En m’aventurant sur Gallica et en recherchant par mot clé mes patronymes je suis tombée sur un article passionnant concernant un collatéral.

Germain Percebois est le frère de mon arrière-grand-mère Germaine Charlotte Céline Percebois (1907-1984). Ils sont issus d’une fratrie de 9 enfants, il est le deuxième et elle la dernière. Il naît le 13 mai 1888 à Nonancourt (27) et exerce la profession de menuisier, comme son père.

Il décède le 16 mai 1909 à Evreux (27) selon son recensement militaire. En réalité, il décédera à Normanville (27), sur le territoire de Caër, à l’âge de 21, dans des conditions assez particulières. Il devait épouser Eugénie Lacote quand il reviendrait du régiment mais il apprit « qu’elle se jouait de lui », il essaya donc de la tuer et se suicida ensuite.

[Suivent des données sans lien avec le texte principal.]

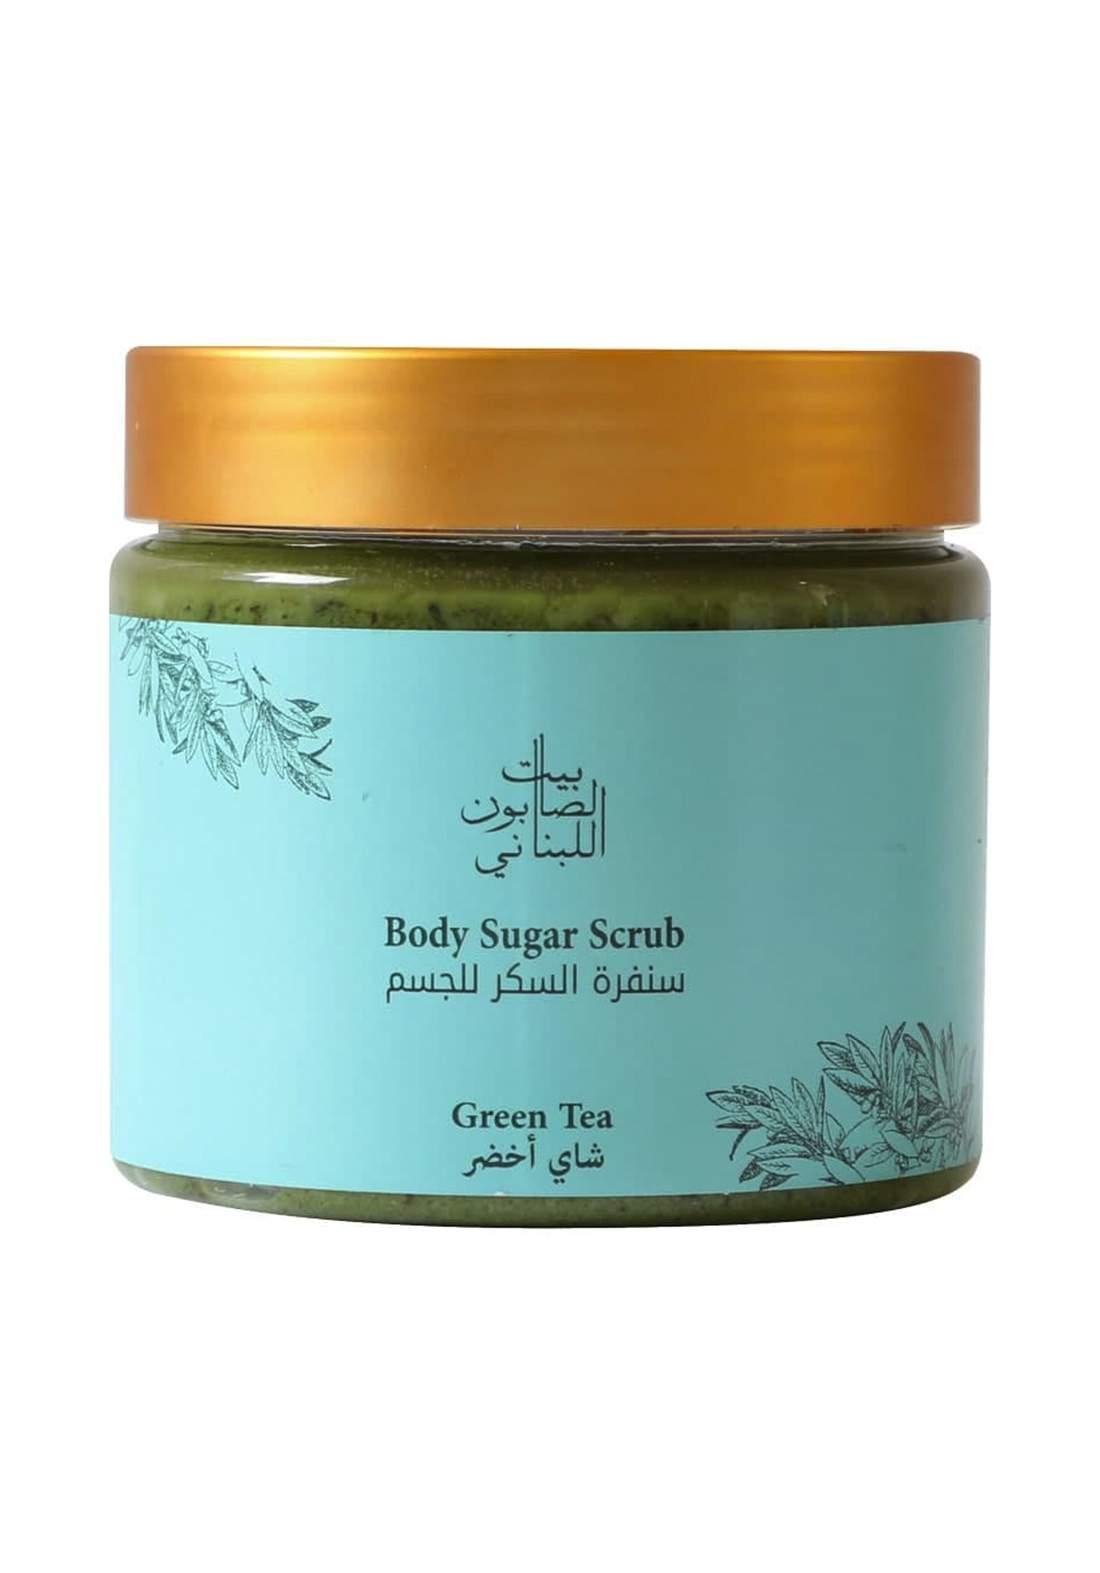 Bayt Alsaboun Alloubnani-320717 Body Sugar Scrub Green Tea 500g سنفرة
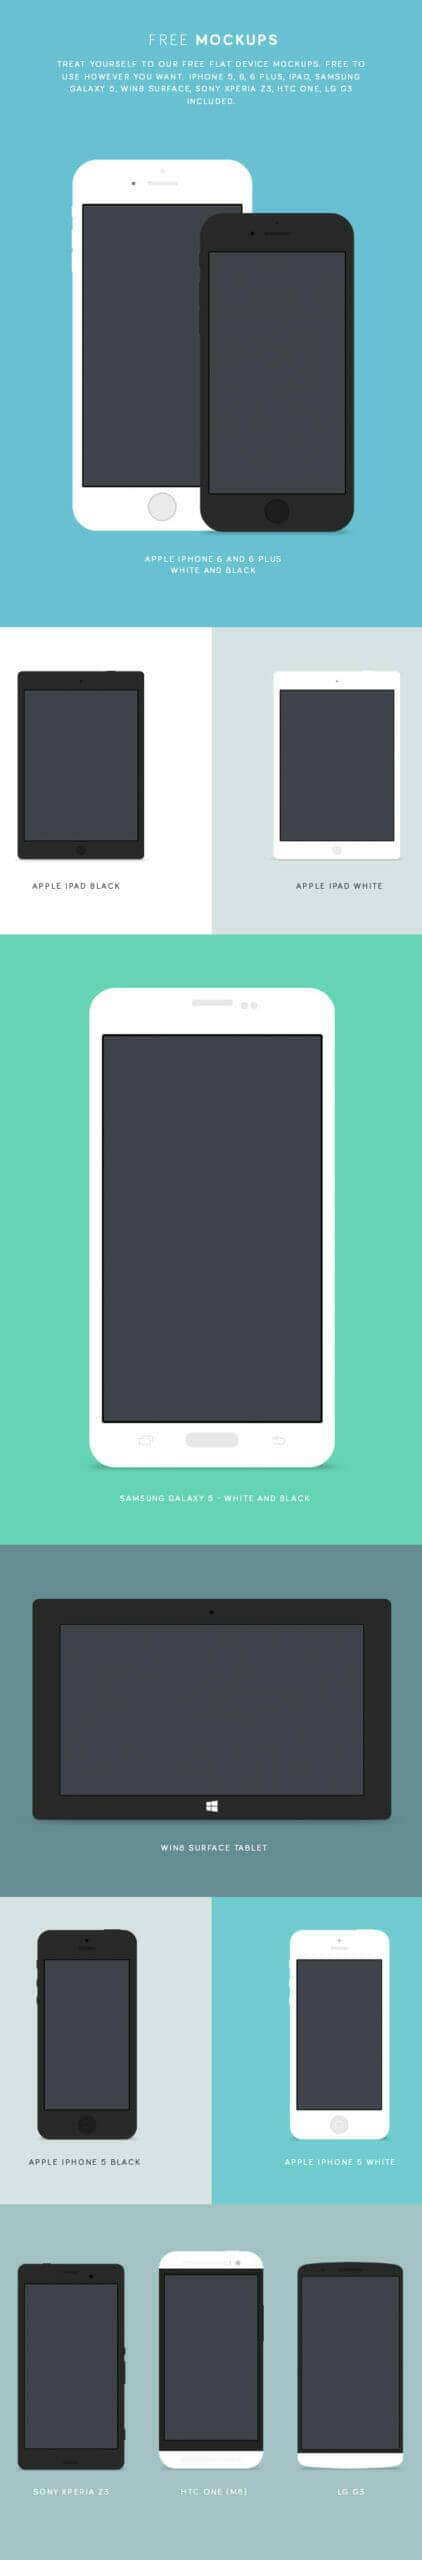 Flat Mobile Device Mockups

Je n’ai pas encore réussi à retrouver la trace d’Eugénie Lacote. Qu’est-elle devenue après ce drame? Est-elle décédée de la suite de ses blessures? S’est-elle mariée?

Mon arrière-grand-mère avait tout juste 2 ans au moment du drame. A-t-elle été marquée? J’aimerai avoir accès à la lettre qu’il a écrit à ses parents. Se pourrait-il qu’un dossier judiciaire ait été instruit malgré le suicide de Germain? Encore une chose à vérifier aux archives …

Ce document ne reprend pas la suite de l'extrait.